Un poste de députée qu’elle n’avait à l’époque occupé qu’un mois, avant d’être nommée ministre de l’Aménagement du territoire et de l’Environnement dans le gouvernement du socialiste Lionel Jospin. Nous y voilà enfin : c’est à cette période que la tumultueuse route de Dominique Voynet croise celle du nucléaire pour créer des étincelles.
« Antinucléaire » revendiquée
Dès les premiers mois de son exercice de ministre, elle acte l’arrêt définitif du réacteur Superphénix, mis en service en 1985 et situé à Creys-Malville, dans l’Isère. Auditionnée en commission d’enquête parlementaire en 1998, elle avait alors affirmé que Superphénix représentait la « folie des grandeurs » et « une mauvaise appréciation des besoins d’électricité du pays », critiquant une « classe politique qui baign[ait] dans l’euphorie nucléaire ».
Et ladite « euphorie nucléaire » franco-française, l’ancienne ministre s’est évertuée à la combattre jusqu’au bout. Elle l’a d’ailleurs une nouvelle fois montré – finalement à ses dépens ? – en 2000, alors qu’elle conduisait la délégation européenne des négociations pour le climat qui ont eu lieu à La Haye, aux Pays-Bas, portant notamment sur le sujet de l’atome. Un comble, pour une ministre s’auto-qualifiant d’ « antinucléaire », à l’image de son parti ? Plutôt une aubaine, comme le démontre une vidéo, extraite d’un documentaire diffusé par Arte en juin 2003 et intitulé Climat : histoire d’une guerre secrète.

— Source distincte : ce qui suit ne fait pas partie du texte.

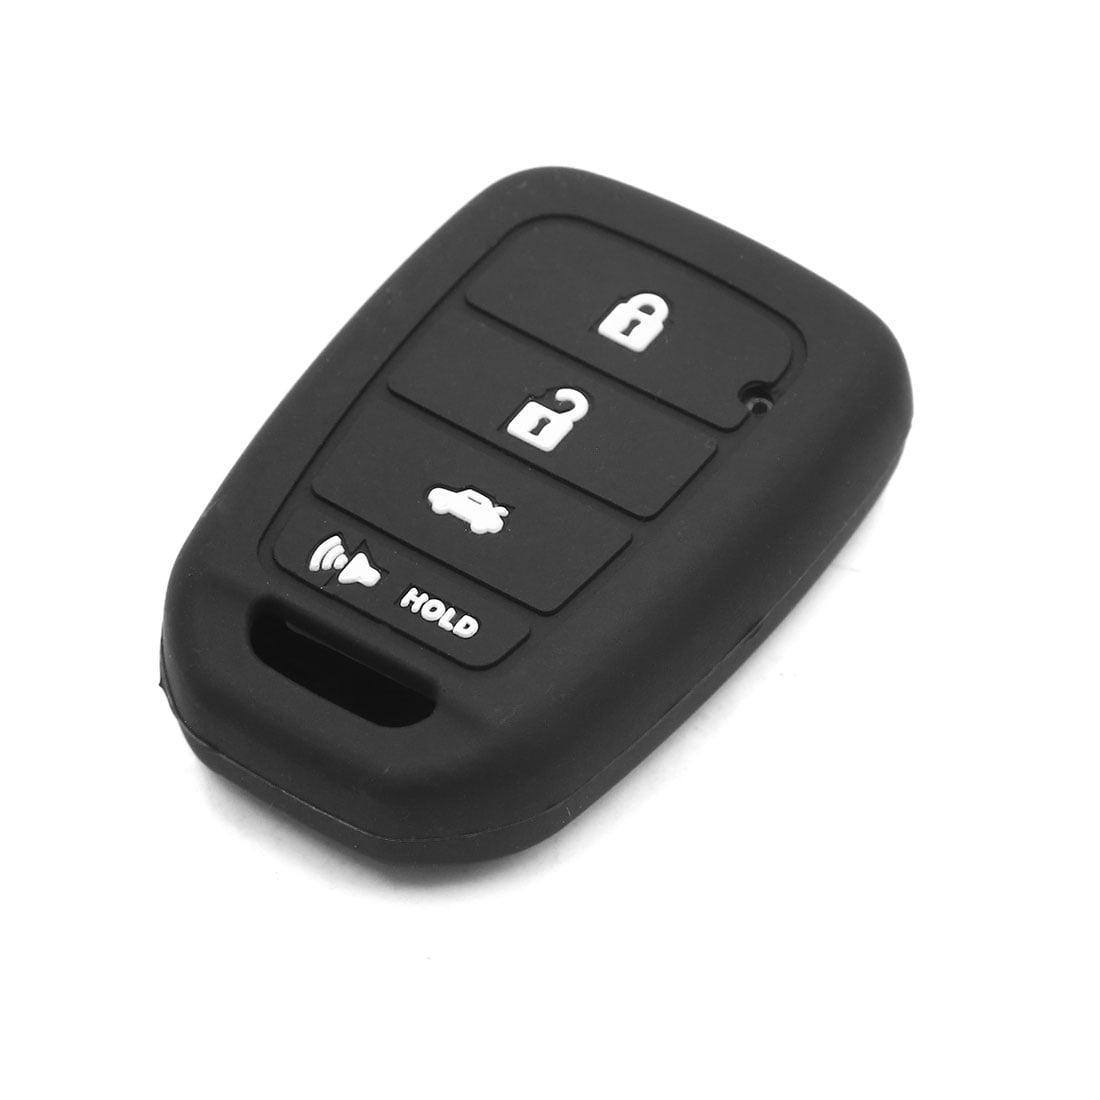 4 Button Rubber Car Remote Control Key Cover Case

Deux décennies plus tard, en pleine crise de l’énergie, cette séquence est devenue virale. Car, dans ce clip relayé sur les réseaux sociaux, Dominique Voynet, vaste sourire aux lèvres, se félicite d’avoir œuvré à exclure le nucléaire des « technologies retenues [par Bruxelles] au titre des mécanismes de développement propre » (MDP).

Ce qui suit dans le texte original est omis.